_Task to carry out:_
Exclude the pictures, then quote exactly the lines from the one holding "vlies tapete antik" through the last line of the records.

_Exercise material:_
___

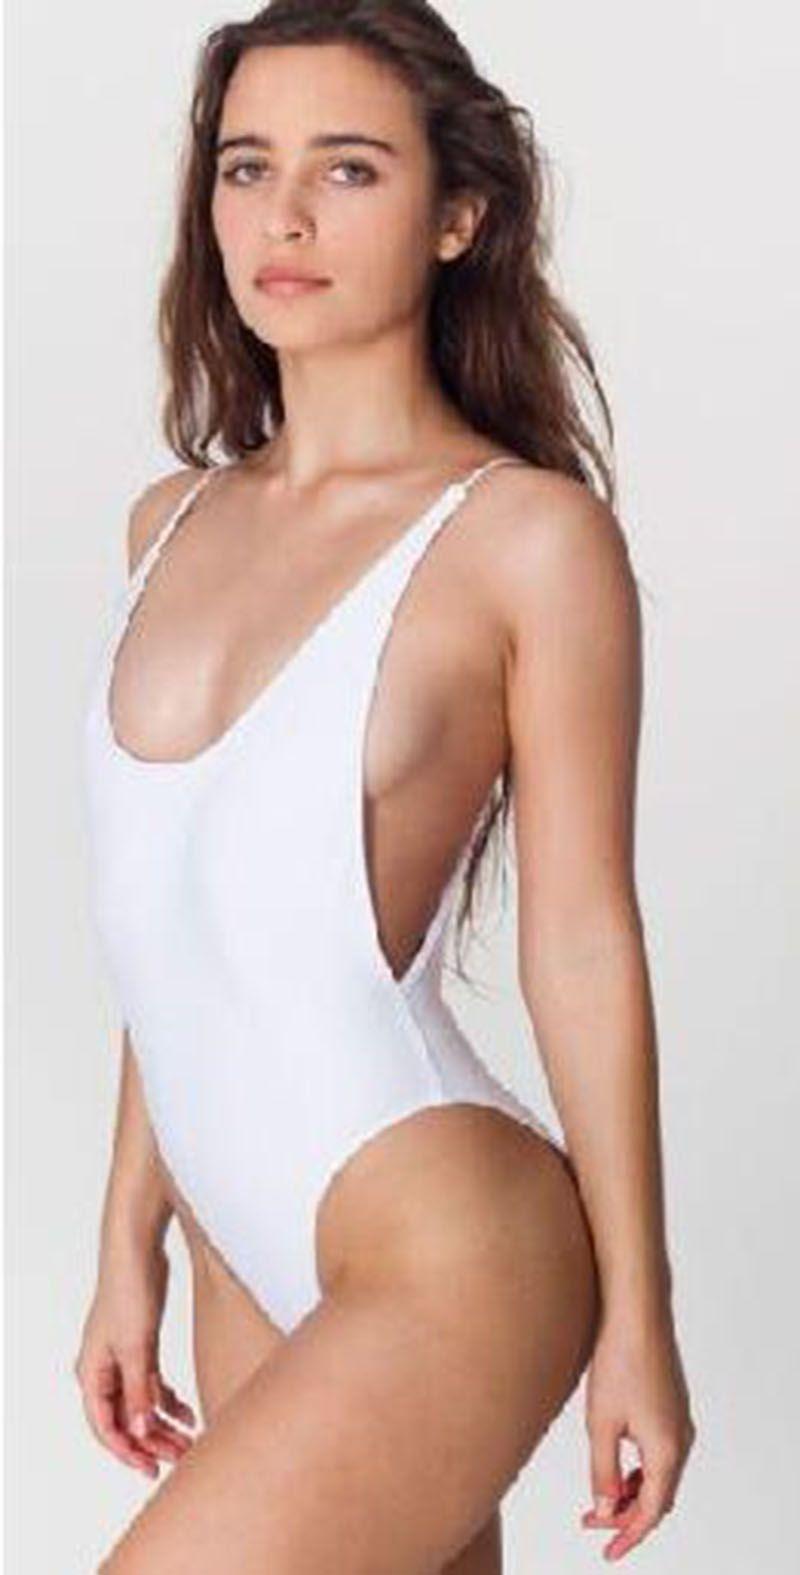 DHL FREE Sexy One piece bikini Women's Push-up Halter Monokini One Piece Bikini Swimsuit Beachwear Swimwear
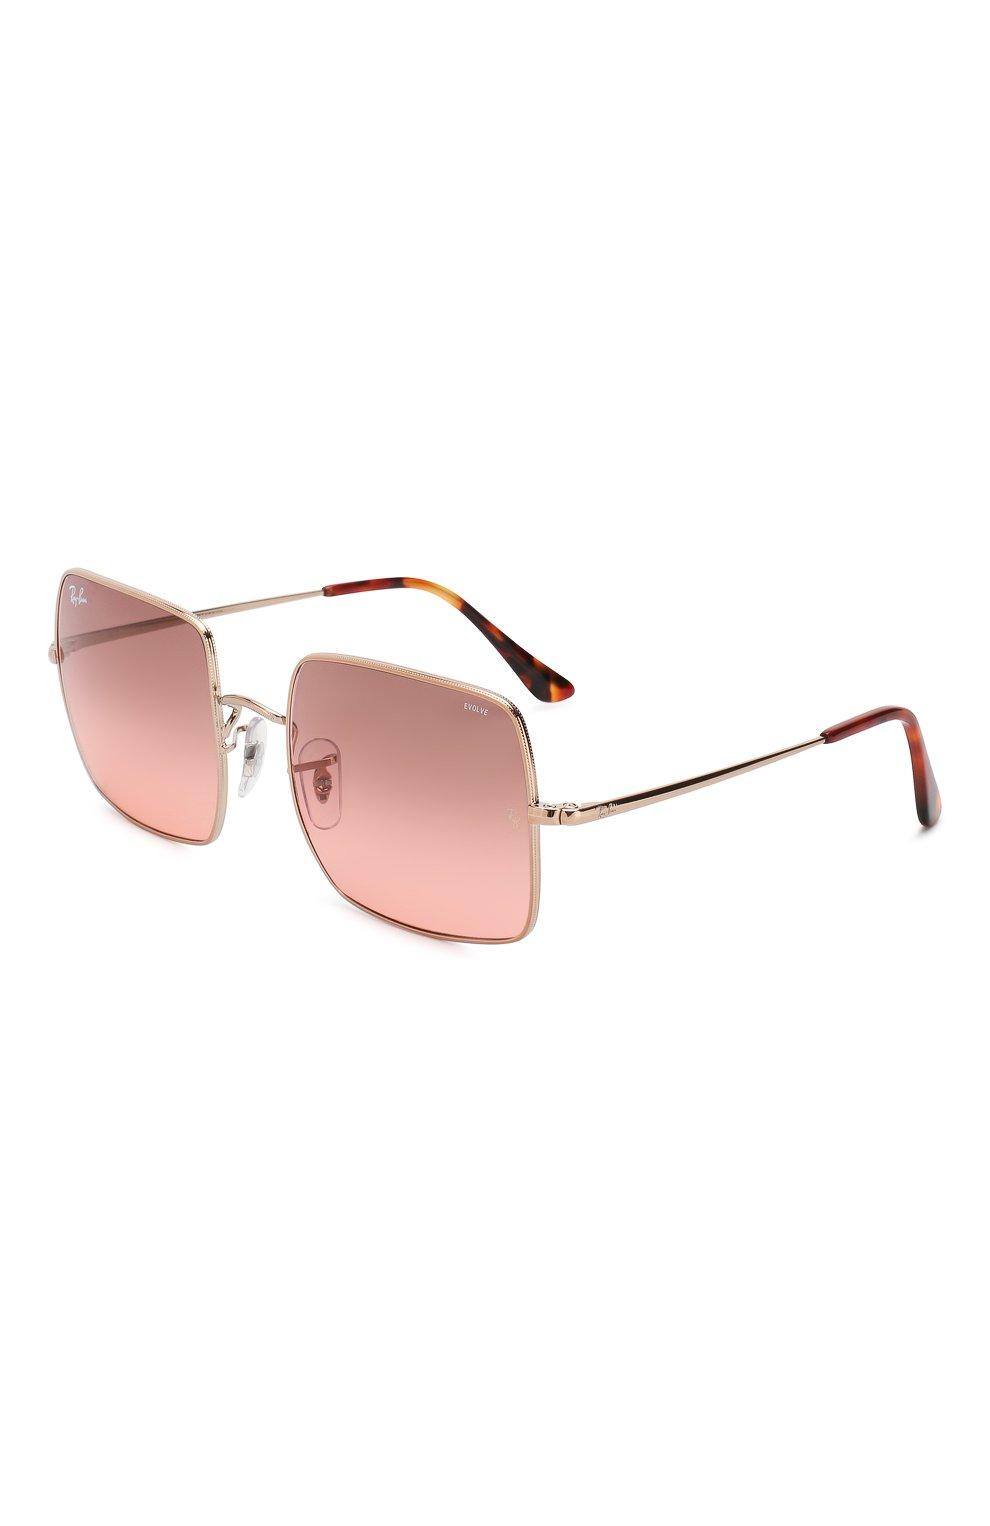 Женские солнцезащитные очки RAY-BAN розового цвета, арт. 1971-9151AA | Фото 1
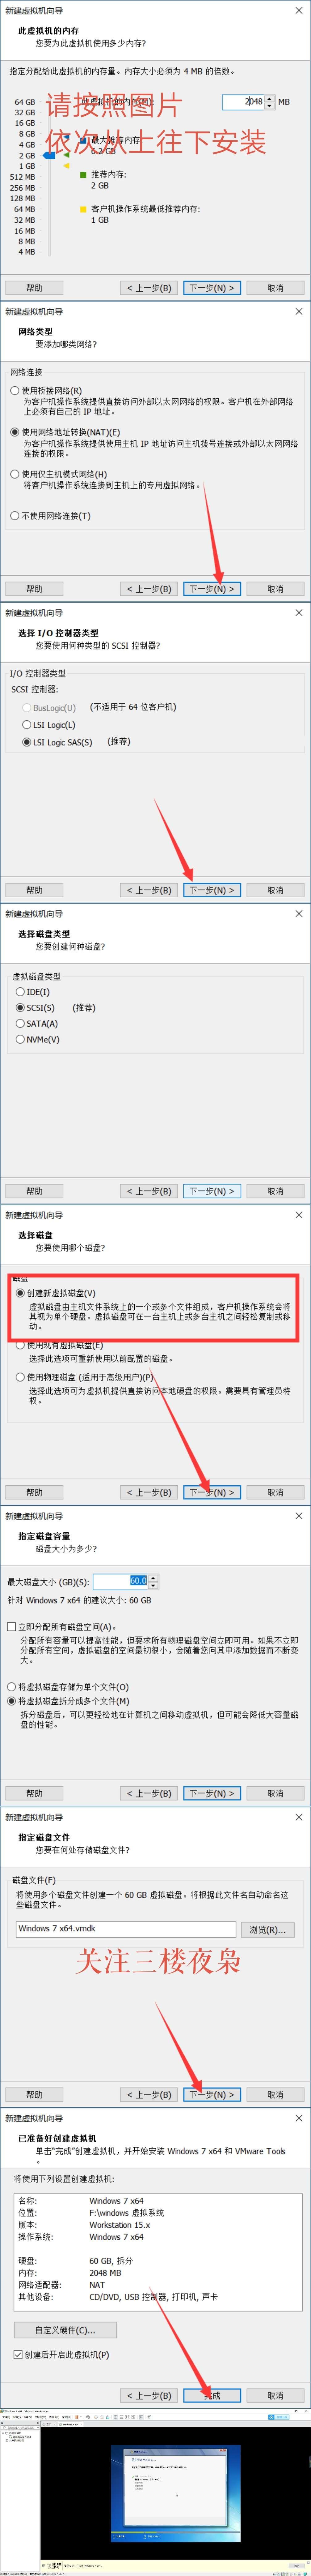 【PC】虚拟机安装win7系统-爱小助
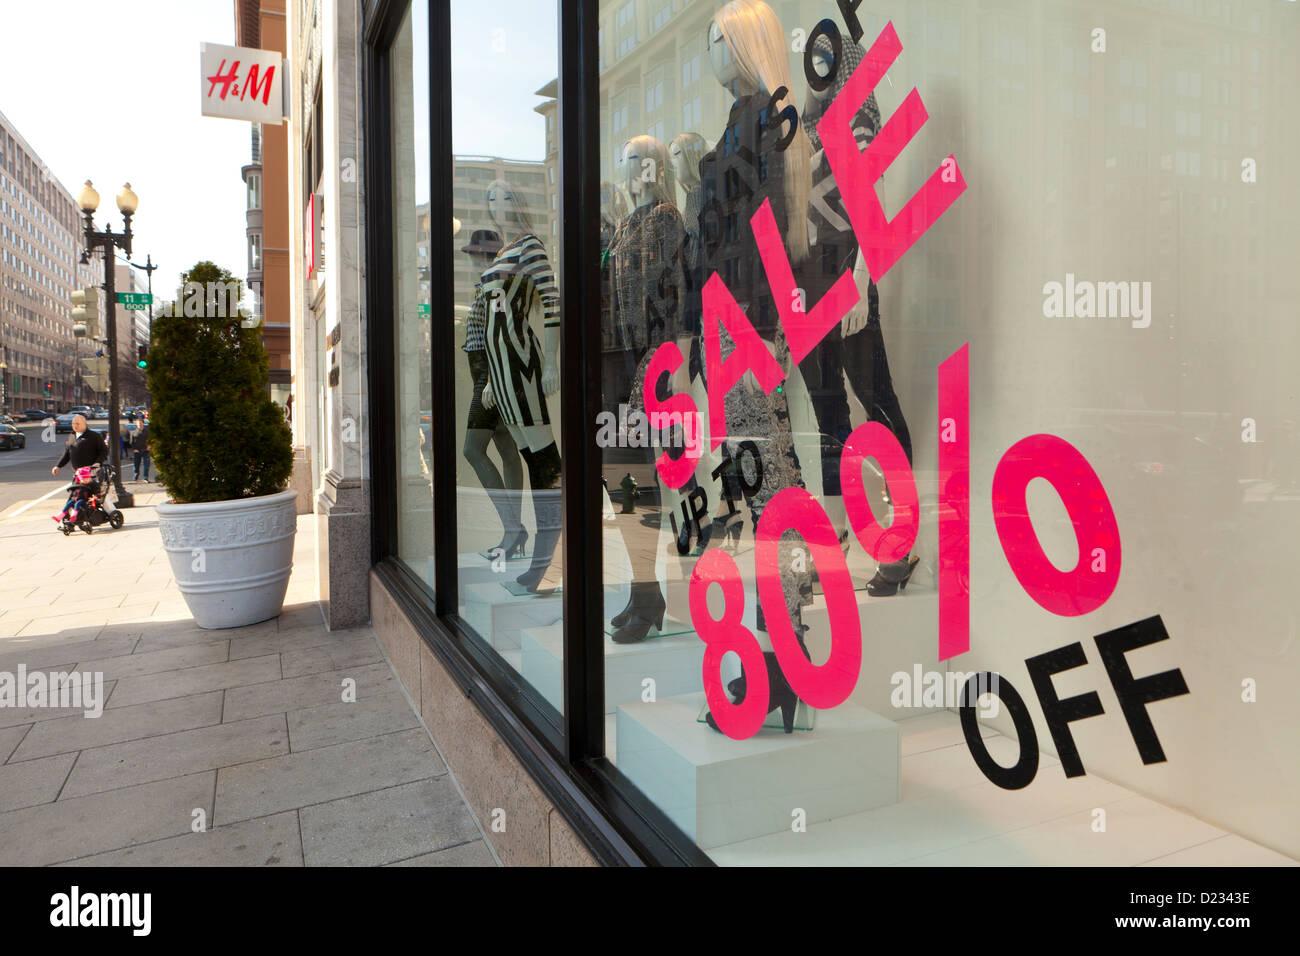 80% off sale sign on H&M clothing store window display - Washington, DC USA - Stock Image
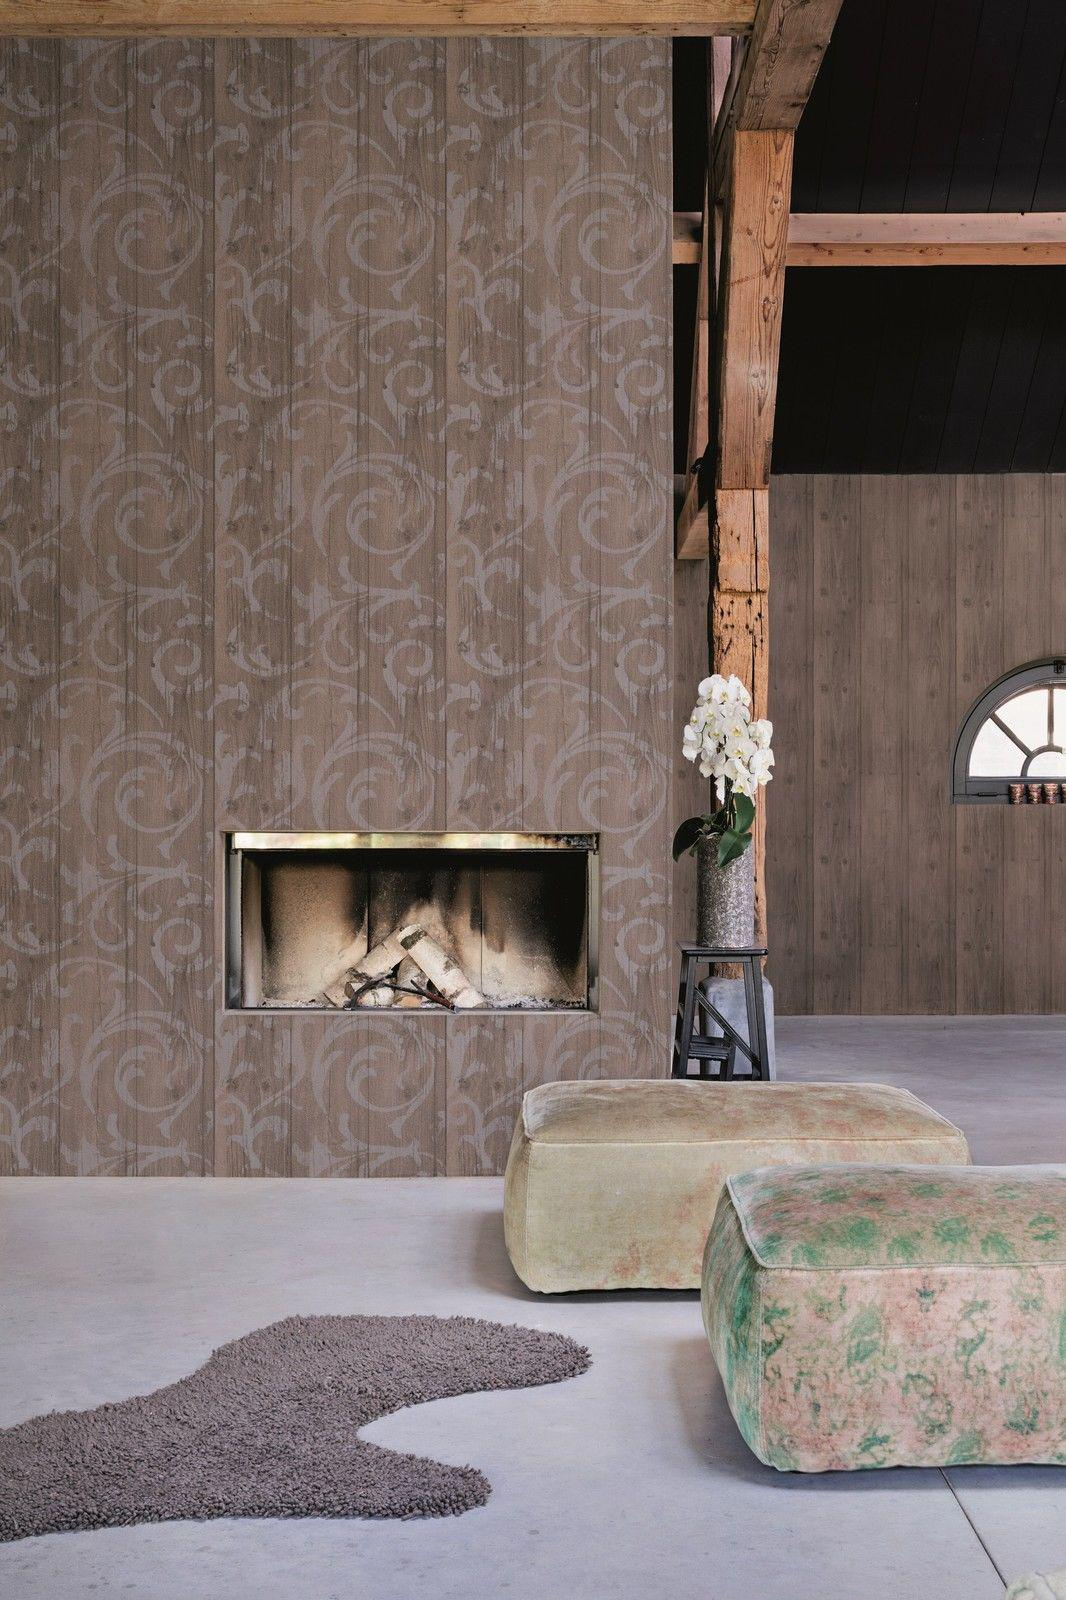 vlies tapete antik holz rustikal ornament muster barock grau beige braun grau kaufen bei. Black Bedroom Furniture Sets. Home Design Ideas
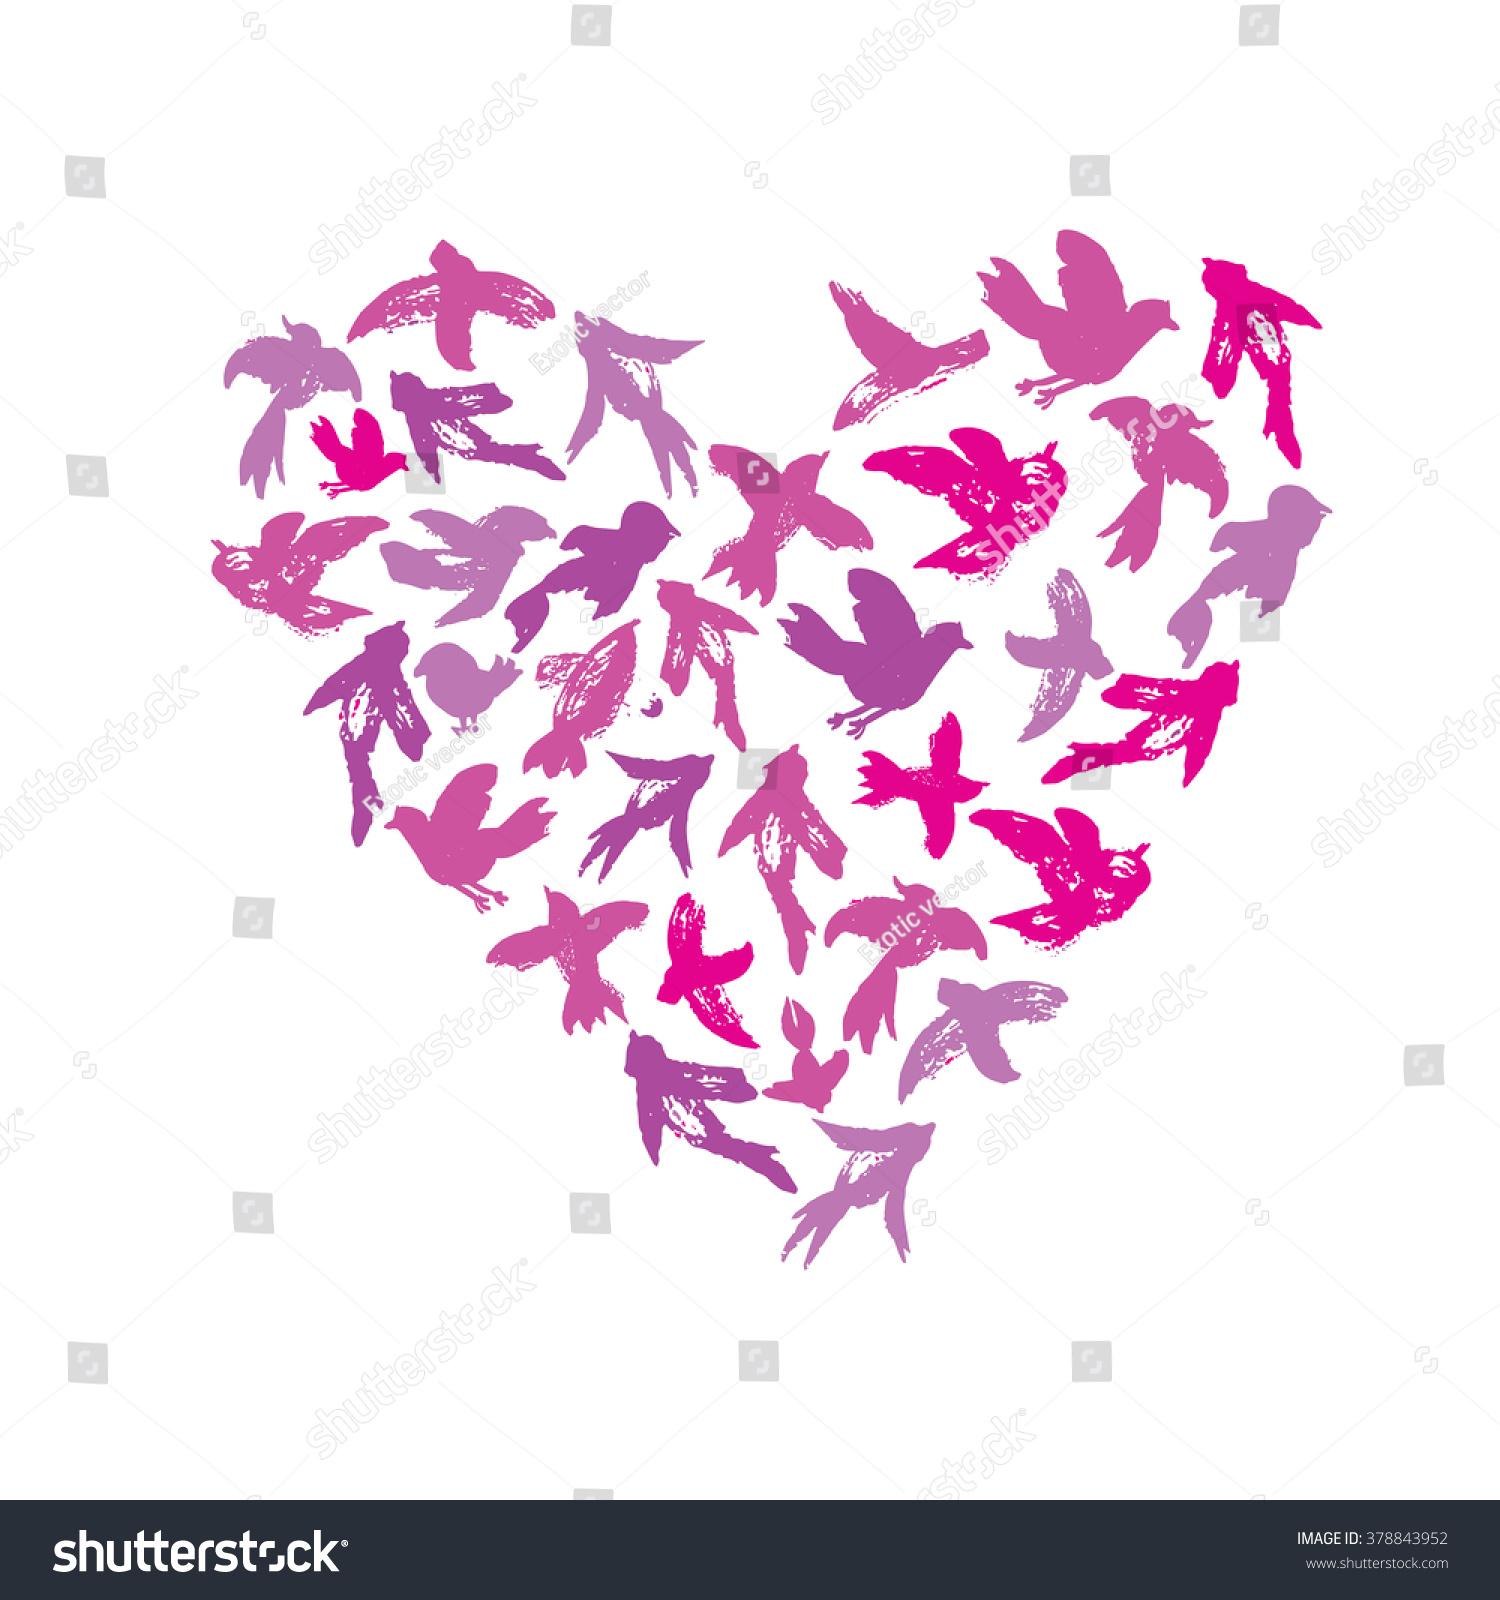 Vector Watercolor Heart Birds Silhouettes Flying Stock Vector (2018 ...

___

_Result below:_
 vlies tapete antik holz rustikal ornament muster barock grau beige braun grau kaufen bei. Black Bedroom Furniture Sets. Home Design Ideas
 Vector Watercolor Heart Birds Silhouettes Flying Stock Vector (2018 ...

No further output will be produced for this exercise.